BEGIN Data extract

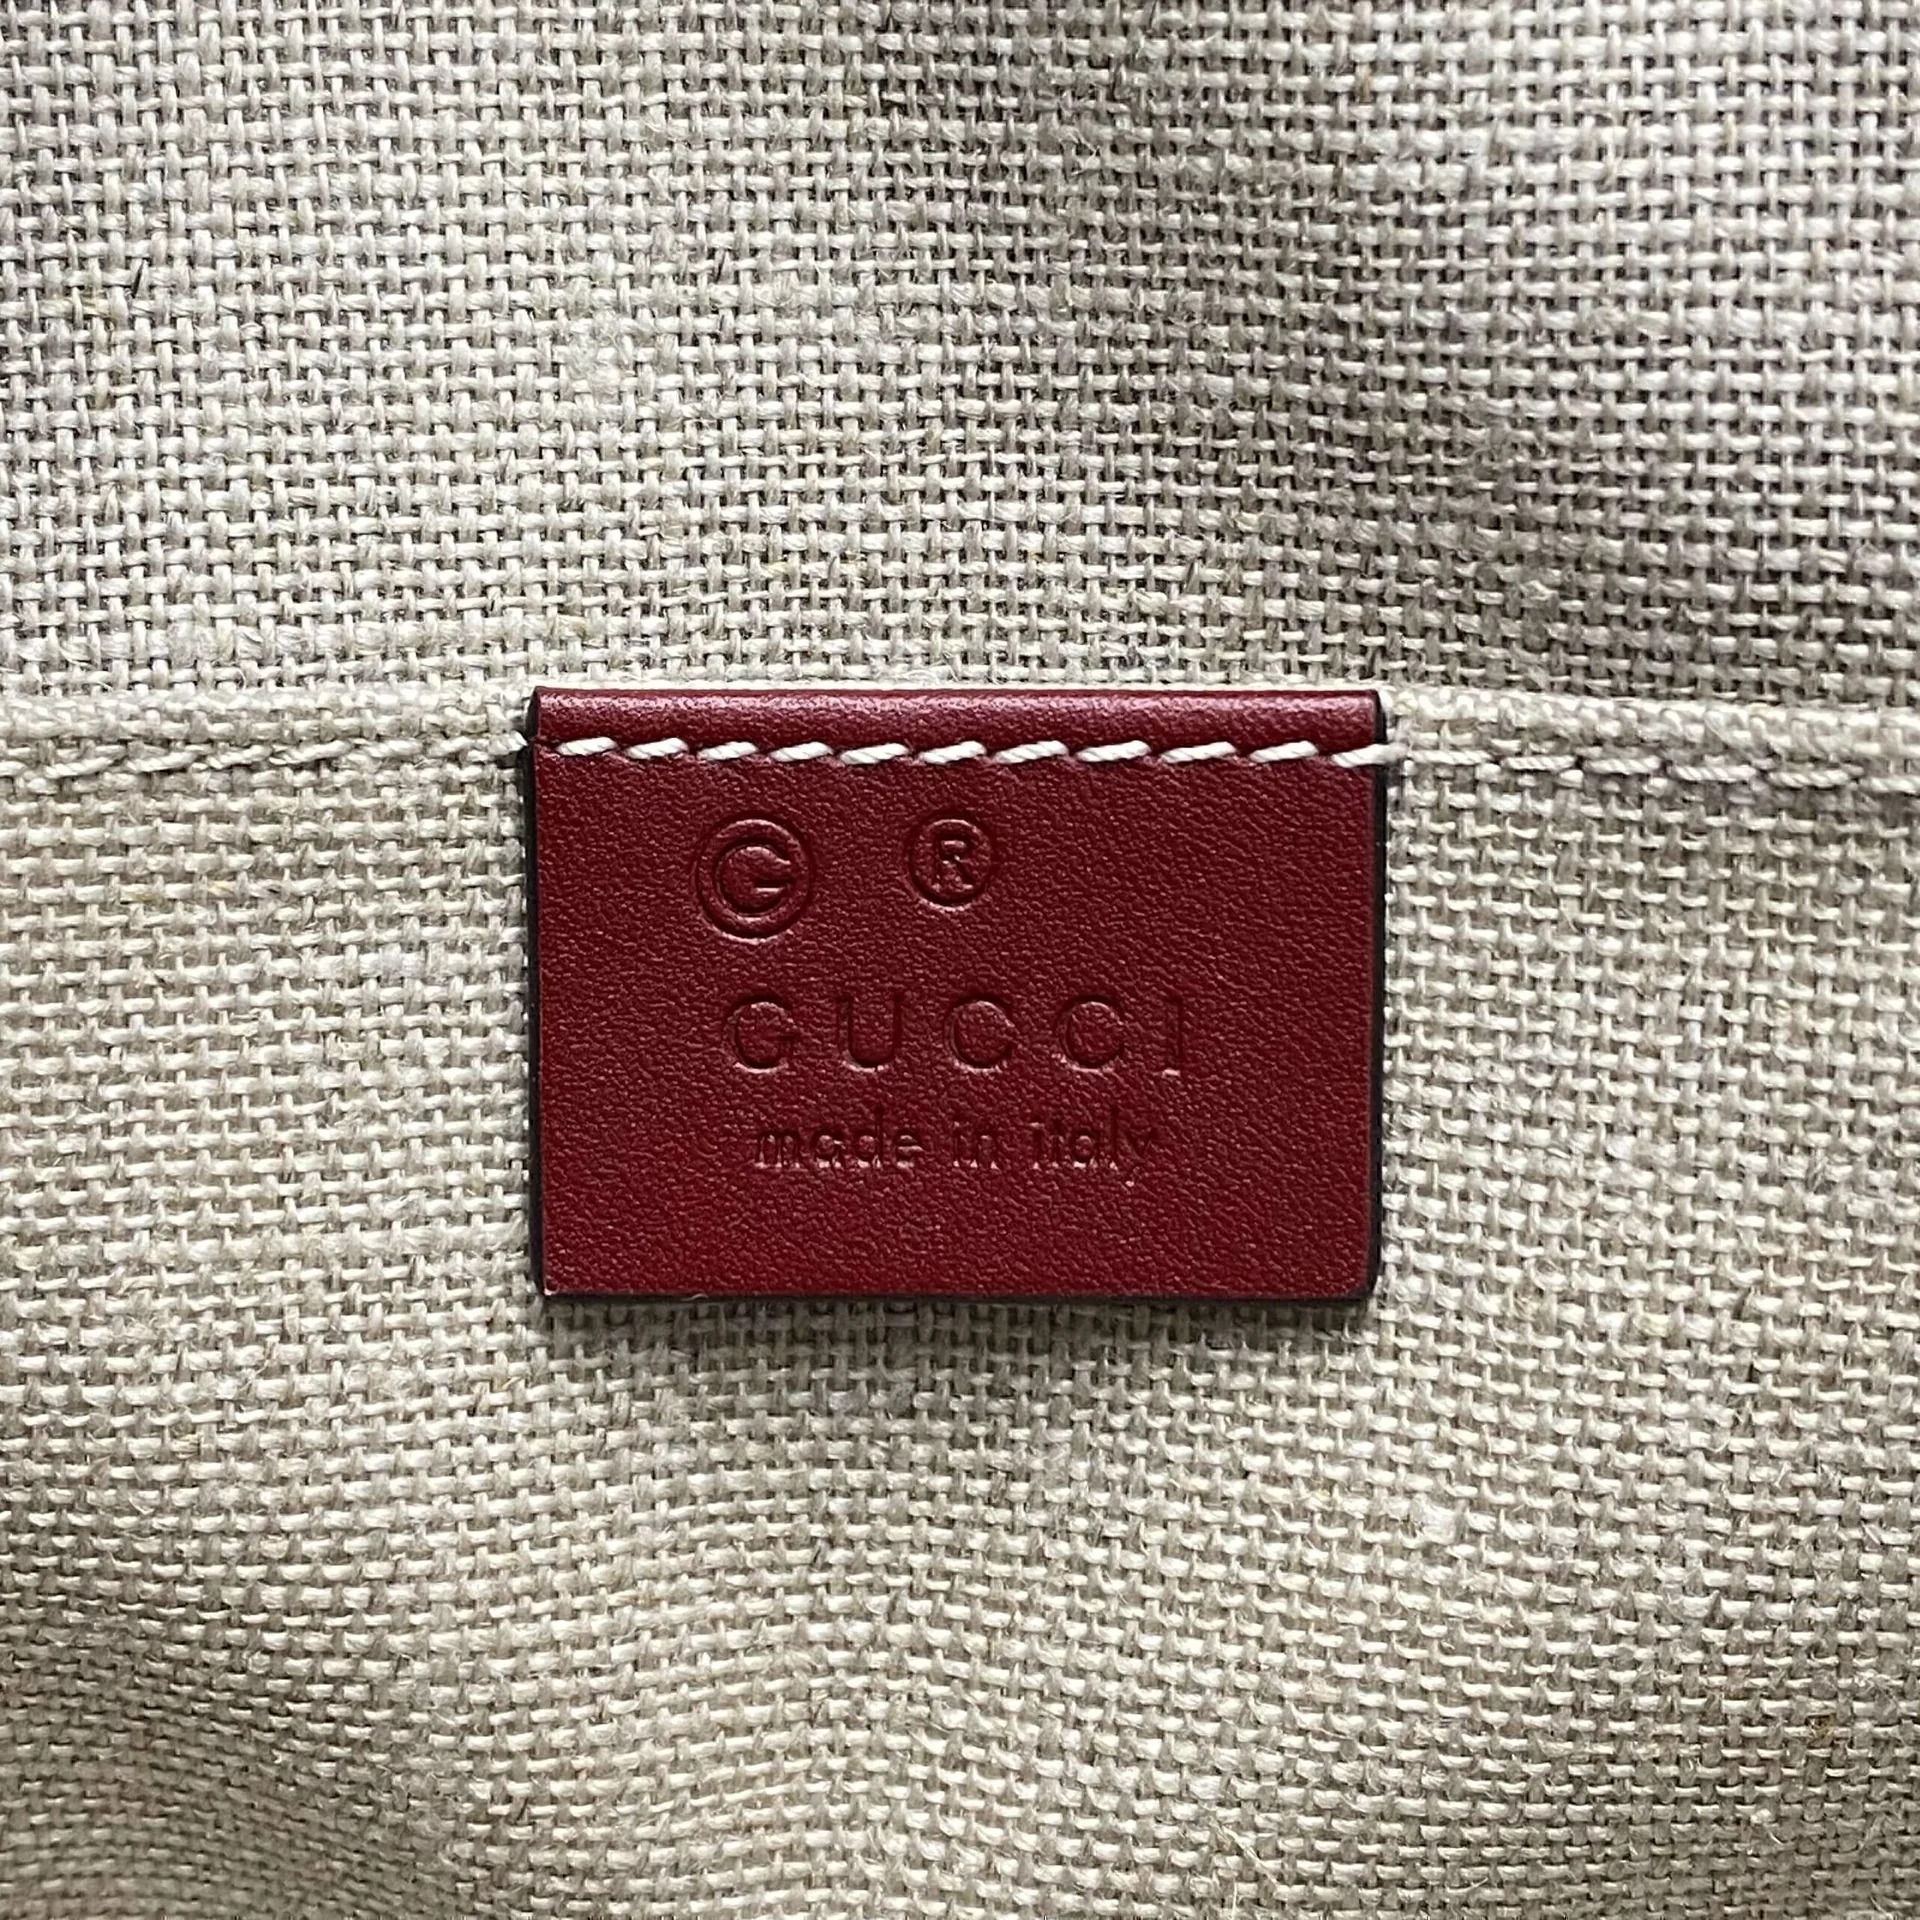 Bolsa Gucci Microguccissima Vermelha
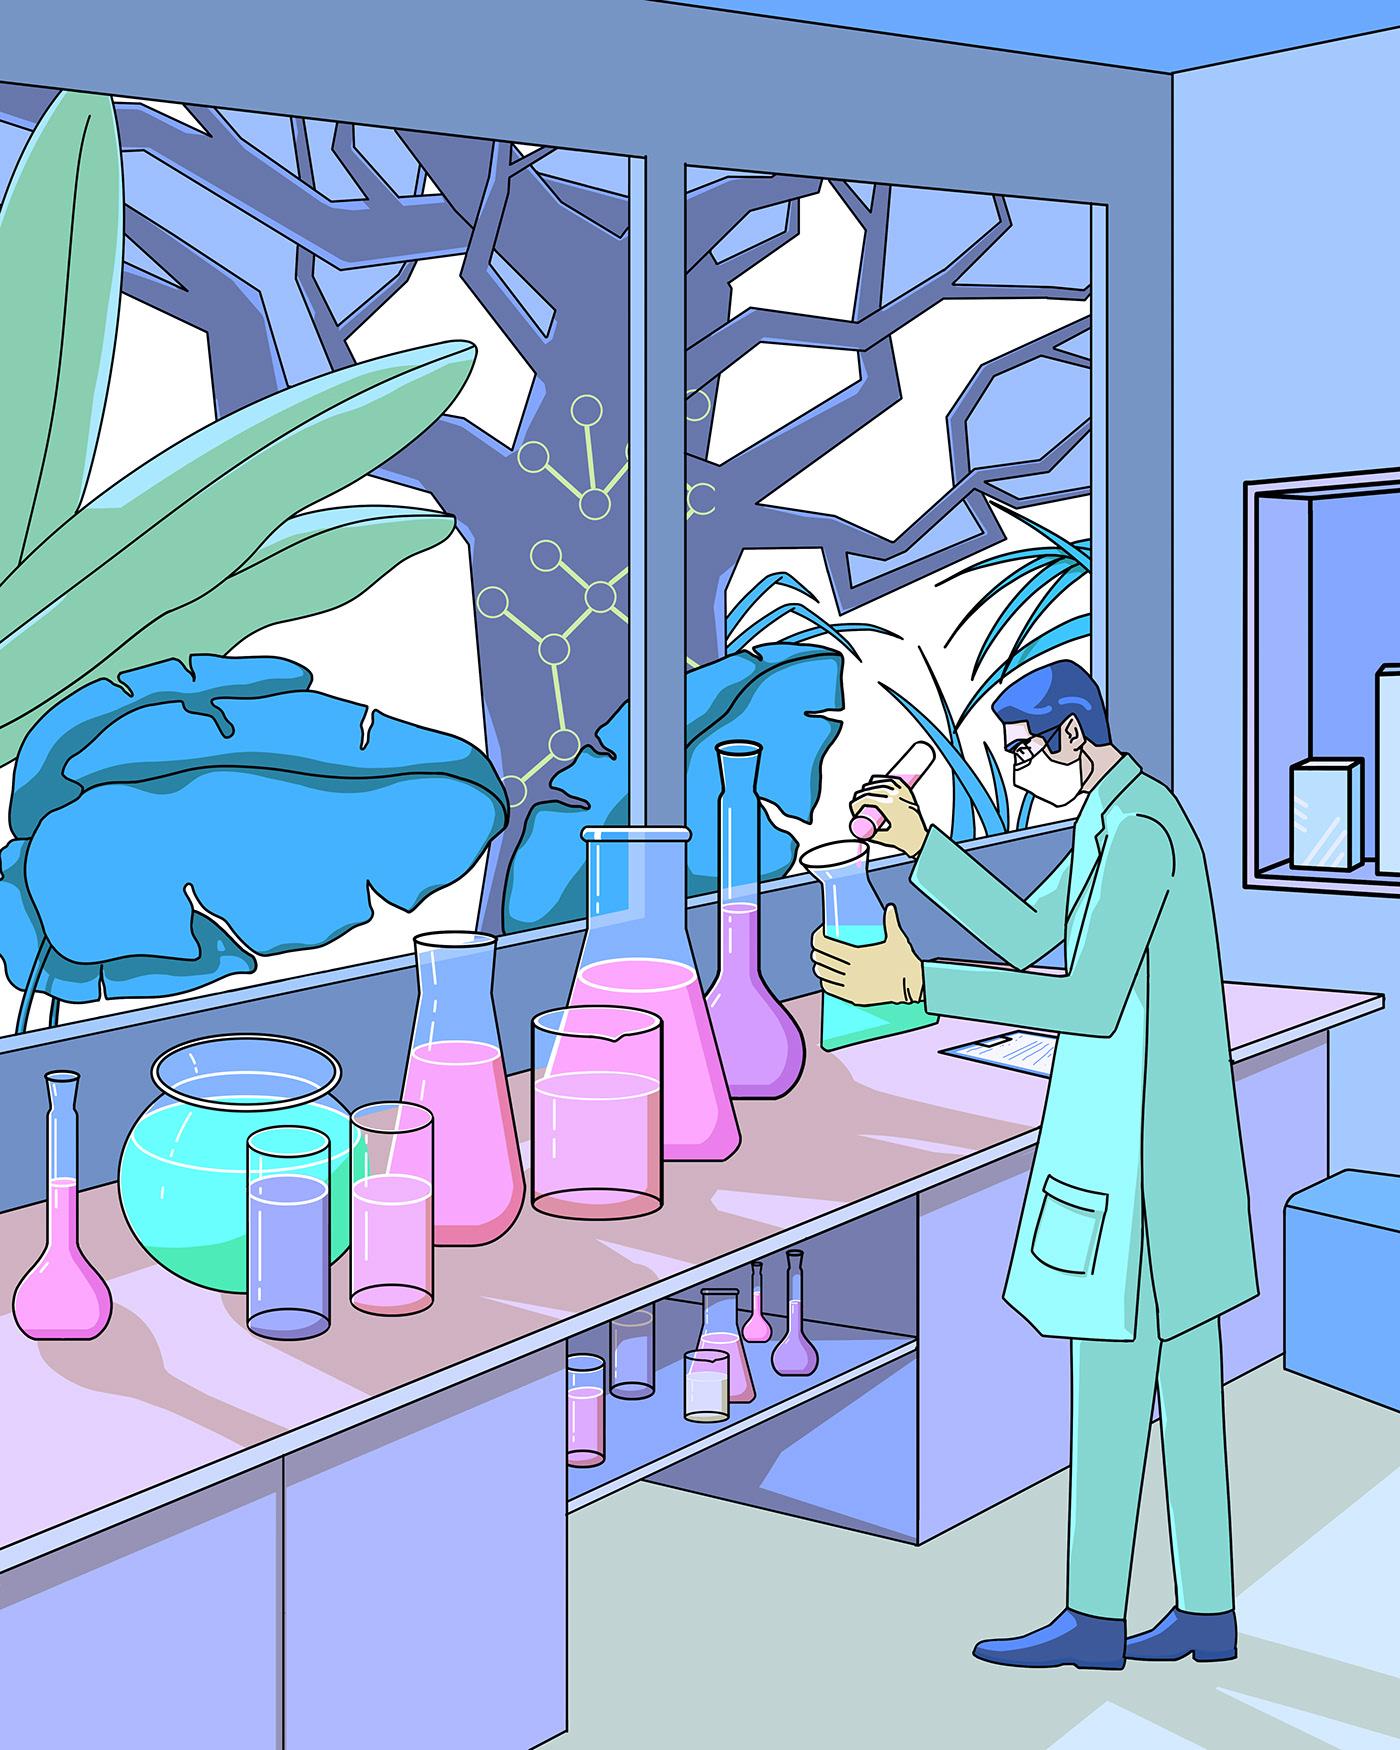 арт ILLUSTRATION  lab science chemistry chemist medicine Health digital illustration
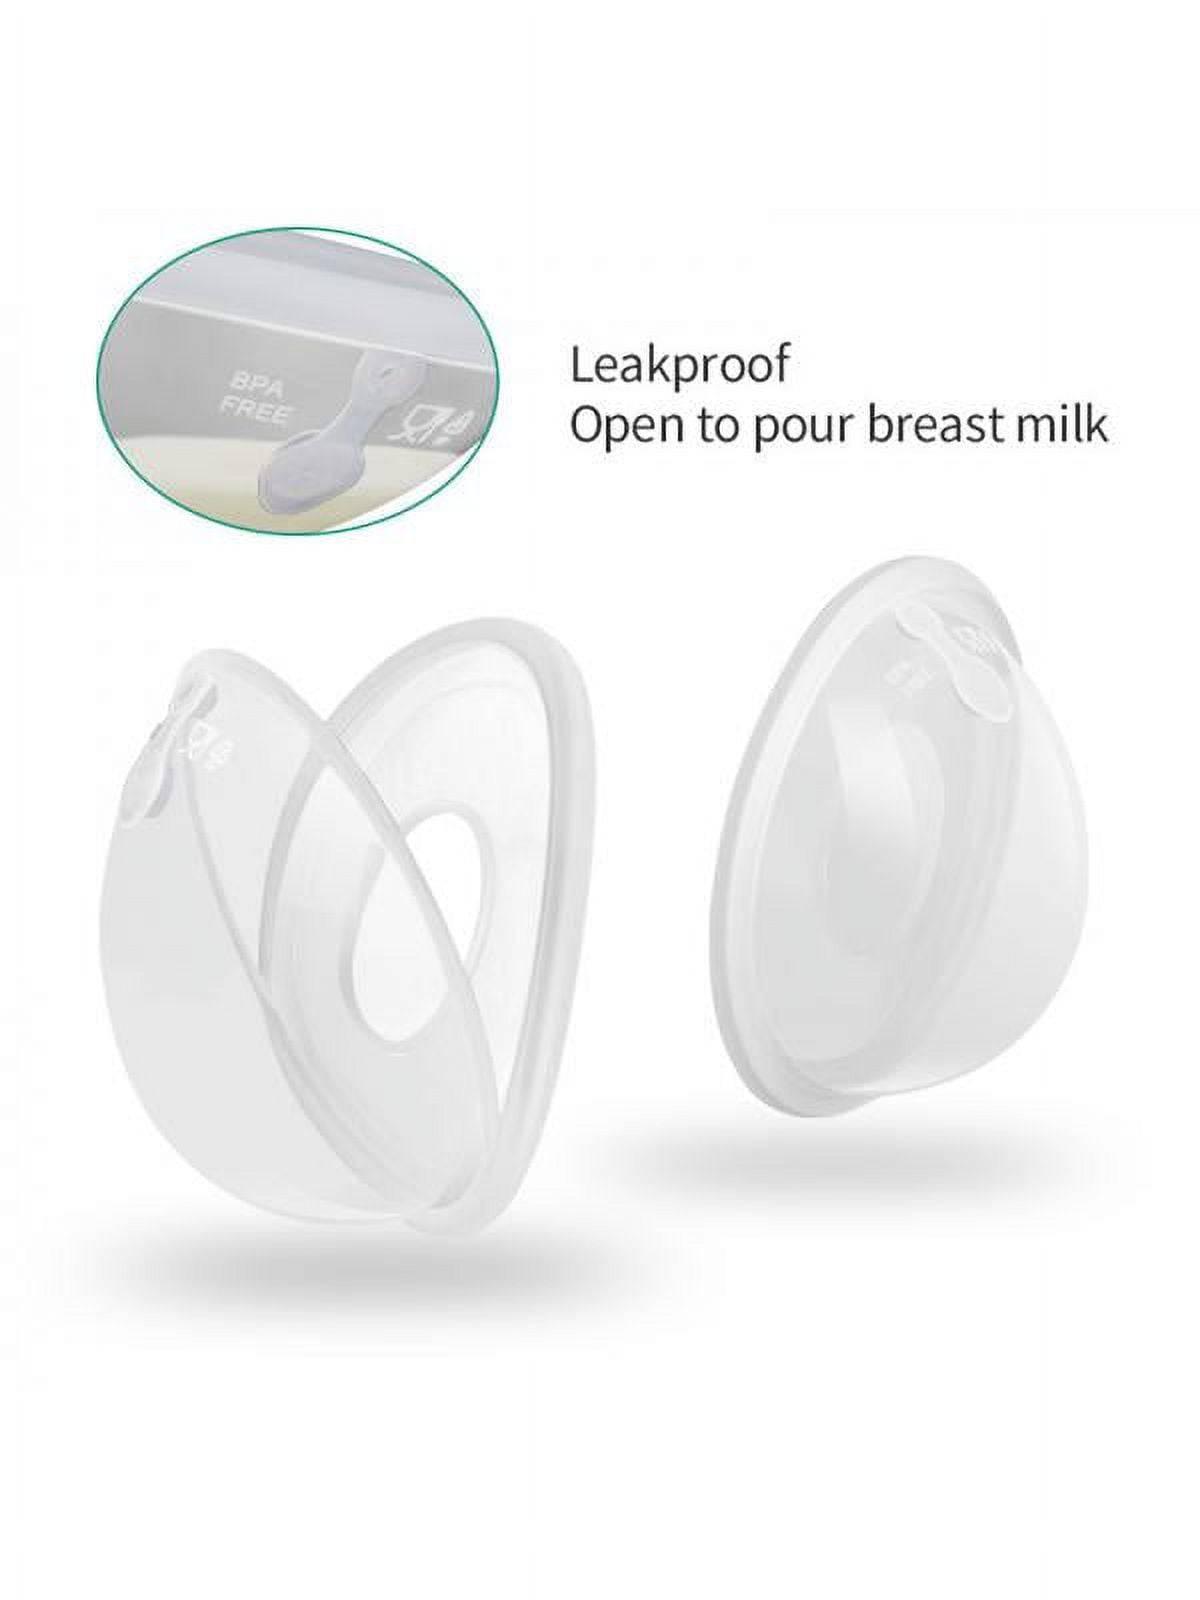 Mommyz Love Breast Feeding Essentials Kit. Breast Shell & Milk Catcher + Nipple Cream for Breastfeeding Relief

END Data extract

**Work item**
Repeat the listing verbatim. Skip the pictures.

**Result**
 Bolsa Gucci Microguccissima Vermelha
 арт ILLUSTRATION  lab science chemistry chemist medicine Health digital illustration
 Mommyz Love Breast Feeding Essentials Kit. Breast Shell & Milk Catcher + Nipple Cream for Breastfeeding Relief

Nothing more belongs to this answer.